**What is being asked:**
Range to repeat from the listing below: the line containing "Gospel Revolution: Recovering" down to the line containing "Milwaukee Brewers vs", both included. Copy it exactly, pictures excluded, and add nothing else.

**Given data:**
▽

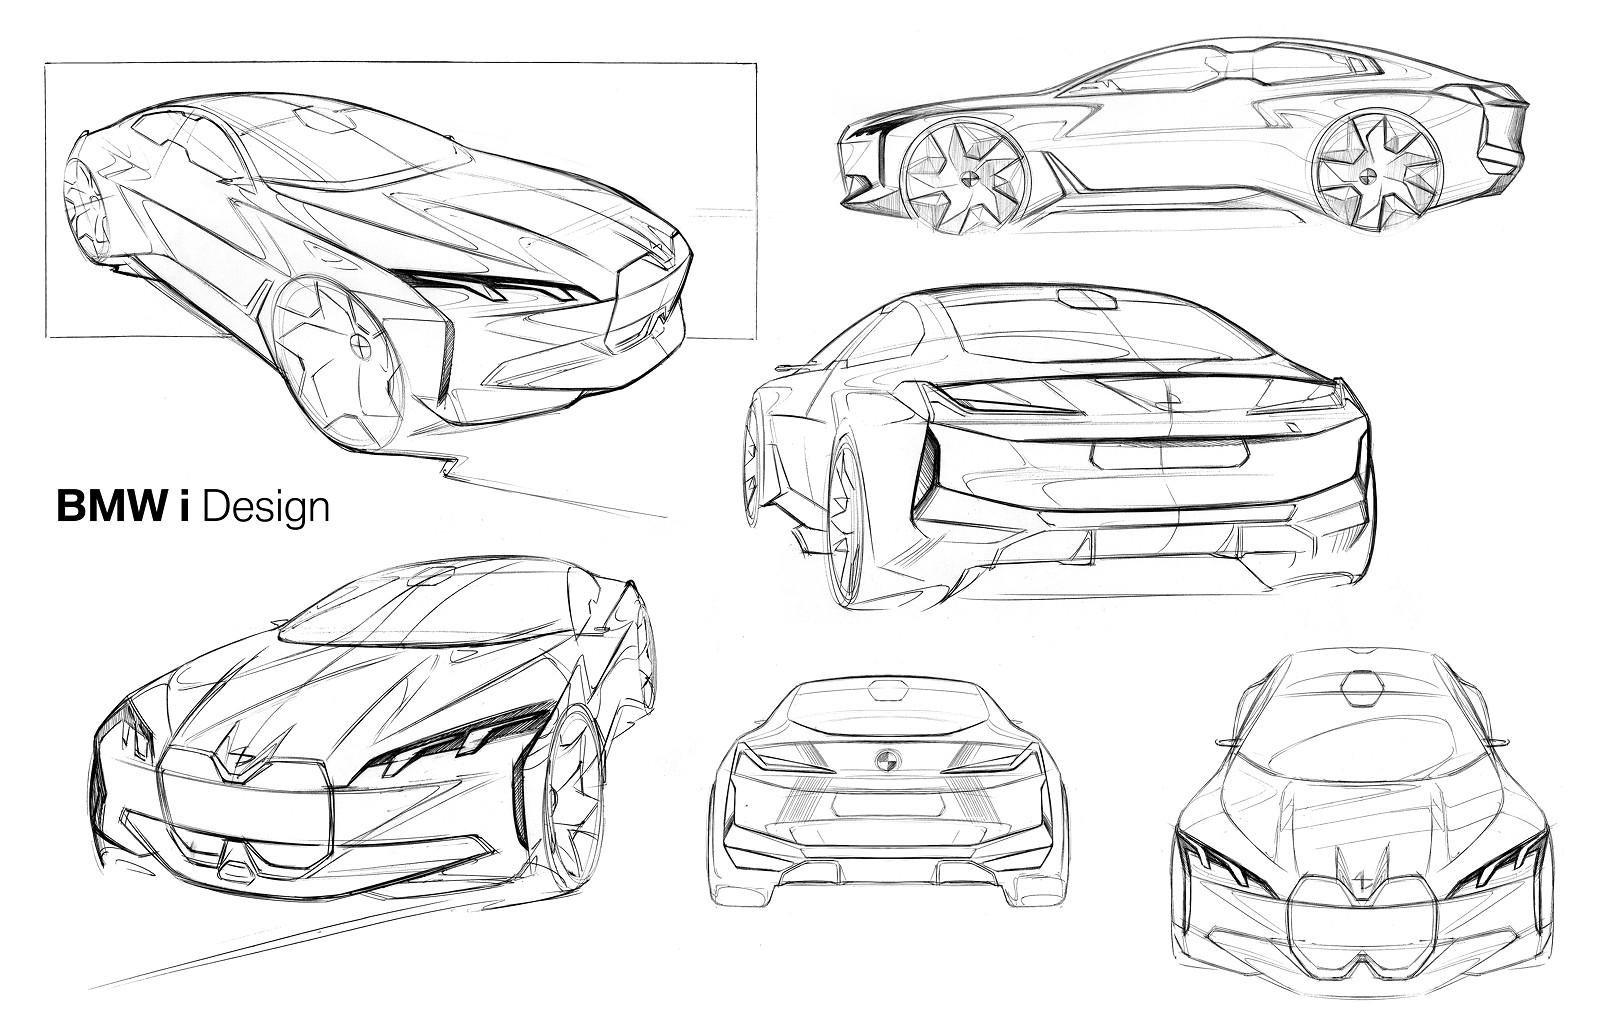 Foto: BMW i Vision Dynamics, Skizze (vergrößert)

△
▽

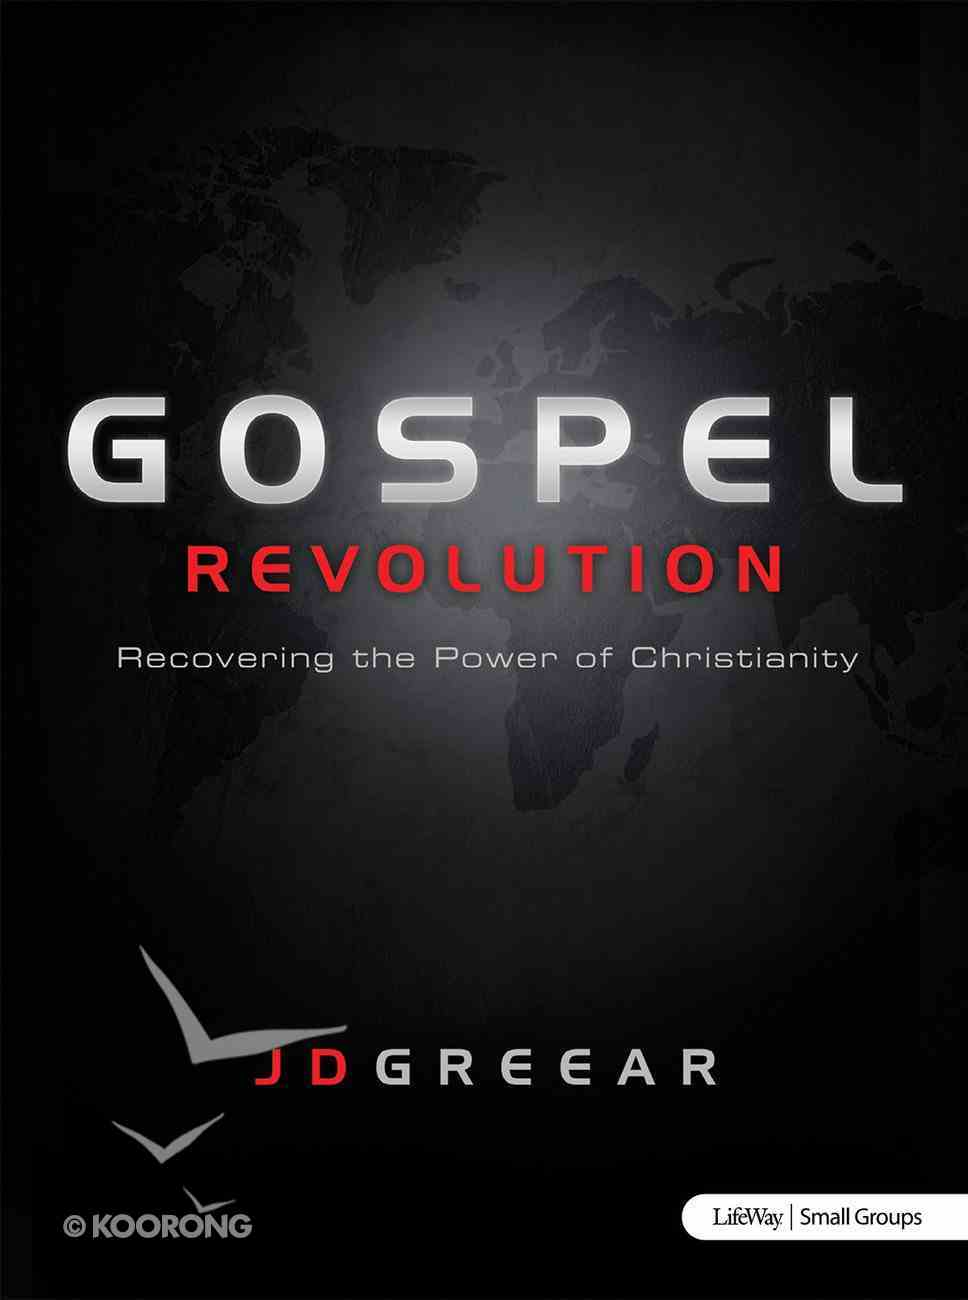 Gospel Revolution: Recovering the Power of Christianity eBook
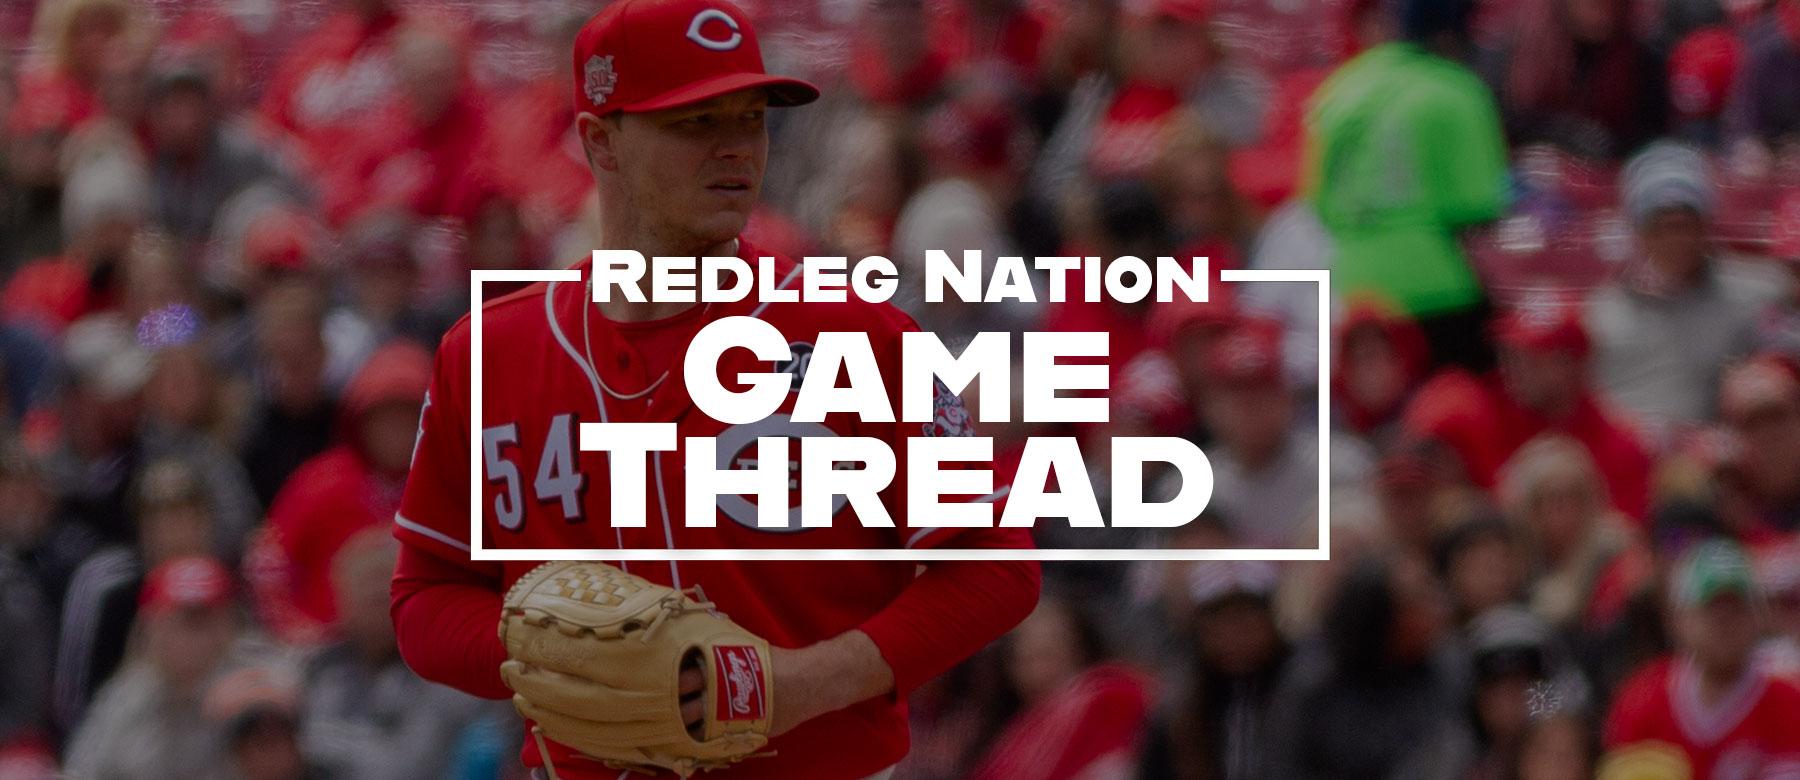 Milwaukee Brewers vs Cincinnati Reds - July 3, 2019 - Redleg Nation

△

**Answer:**
 Gospel Revolution: Recovering the Power of Christianity eBook
 Milwaukee Brewers vs Cincinnati Reds - July 3, 2019 - Redleg Nation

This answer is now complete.